Snow was hired by the Los Angeles Museum in 1929 as the institution's archaeological fieldman and photographer. He went on to photograph the Wupatki National Monument in 1934. Following that he was hired by the Museum of Northern Arizona as a staff photographer. In 1935 he became employed by the Works Progress Administration to photograph the Navajo Nation, and the social, environmental and economic conditions of the Diné people.

In 1937, he was hired by the Navajo Service where he was charged with creating a photography department to document the "impact of federal programs on Navajo lives." He built a darkroom at the Navajo Service Employees' Club in Window Rock, Arizona. He also constructed a mobile darkroom in a panel truck.

Writing in The Avery Review, Diné writer Zoë Toledo stated, "In the 1930s, federal officials invented a narrative of the decline of Native land" which was linked livestock husbandry on the Navajo Nation to erosion.
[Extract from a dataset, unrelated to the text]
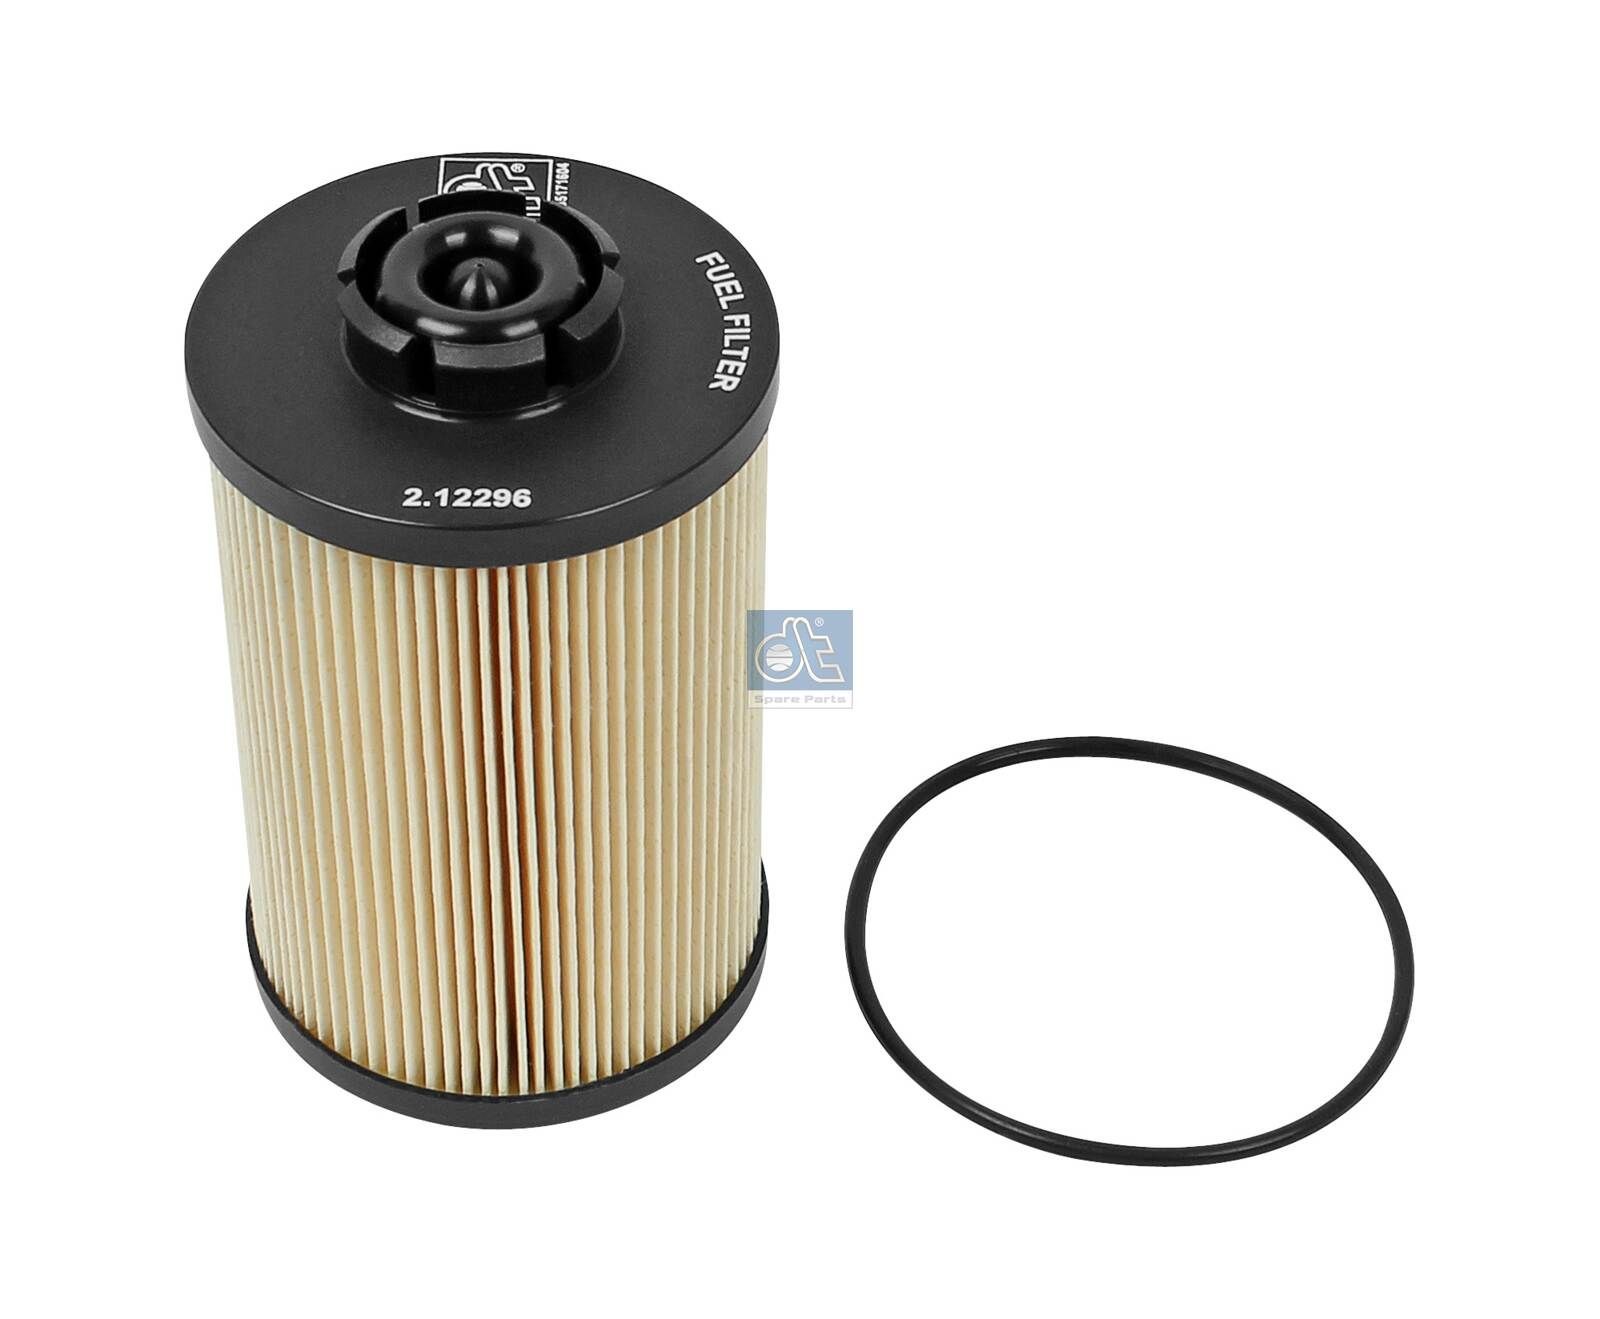 PU 1058X DT Spare Parts 2.12296 Fuel filter 74 20 796 772

The Navajo Livestock Reduction Program was created by John Collier, the Indian Affairs Commissioner in the 1930s, which resulted in the Diné people losing more than half their livestock, causing "massive trauma to the Navajo world." The program negatively impacted land use, religious practices, health, education and tribal government. The Diné people refer to the destructive impact of the program as the "Second Long Walk" due to the ways it harmed their way of life and economy (they made half their income from livestock).

In the late 1940s he photographed numerous trading posts on Navajo land; these images are in the archives of the Palace of the Governors in Santa Fe, New Mexico.
In the 1950s, Snow photographed uranium mining on Navajo lands and the impact thereof on the people and their land.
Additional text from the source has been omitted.